# Exercise on convergence in measure (Folland, Real Analysis)

This one comes from Folland, Real Analysis, Problem 33 in the section titled Modes of Convergence.

Suppose $f_n \geq 0$ and $f_n \rightarrow f$ in measure, then $\int f \leq \liminf \int f_n$.

So I notice a few things first off, that since $f_n \to f$ in measure, we can find a subsequence $f_{n_j}$ which converges pointwise almost everywhere (Theorem 2.30 in Folland), and for this subsequence we may say (by Fatou’s lemma using $f_n \geq 0$) that $\int f \leq \liminf \int f_{n_j}$, but it’s not necessarily true that $\liminf \int f_{n_j} \leq \liminf \int f_n$, or at least I don’t see how to prove it (and in general this is not true for any sequence and subsequence, while the reverse inequality is, I think).

Any tips, hints, or solutions?

#### Solutions Collecting From Web of "Exercise on convergence in measure (Folland, Real Analysis)"

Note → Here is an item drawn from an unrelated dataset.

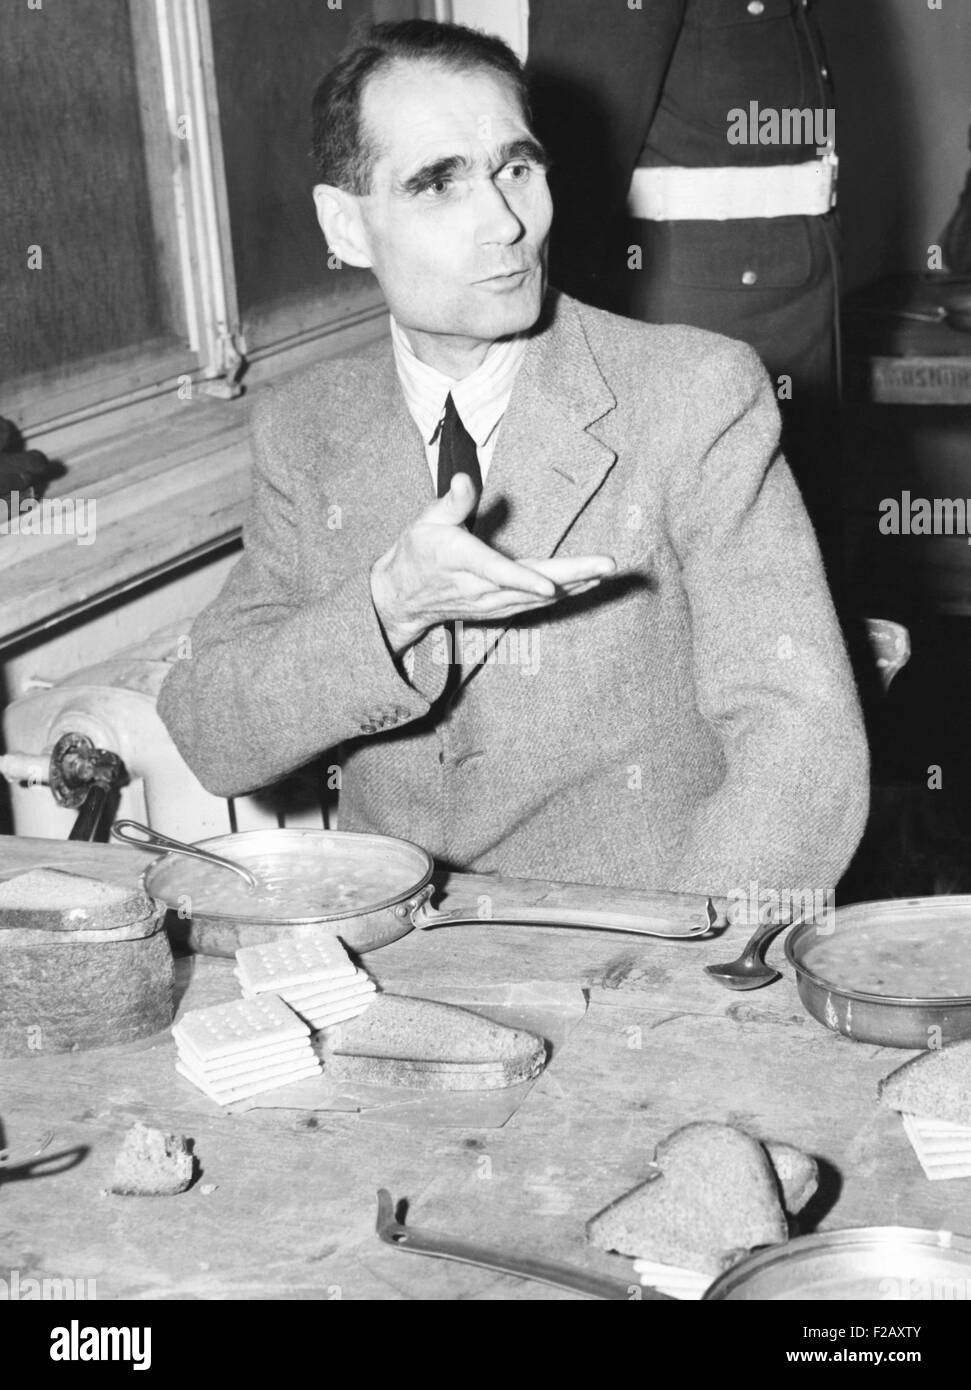 Rudolf Hess, Adolf Hitler a une fois adjoint, de prendre un repas à la prison de Nuremberg. Soupe, pain et craquelins étaient au menu pour le Nazi défendeurs. 7 décembre 1945 (CSU 2015 9 958) Banque D'Images

You can pass to a subsequence $f_{n_k}$ with $\int f_{n_k} \to \liminf \int f_n$ first.

This subsequence will also converge to $f$ in measure and … then you already know what to do.

You can use the Urysohn subsequence principle, but it should be modified a little bit.

(Urysohn subsequence principle). Let $x_n$ be a sequence of real numbers, and let $x$ be another real number, then $\liminf x_n\geq x$ iff every subsequence $x_{n_j}$ of $x_n$ has a further subsequence $x_{n_{j_i}}$ such that $\liminf x_{n_{j_i}}\geq x$.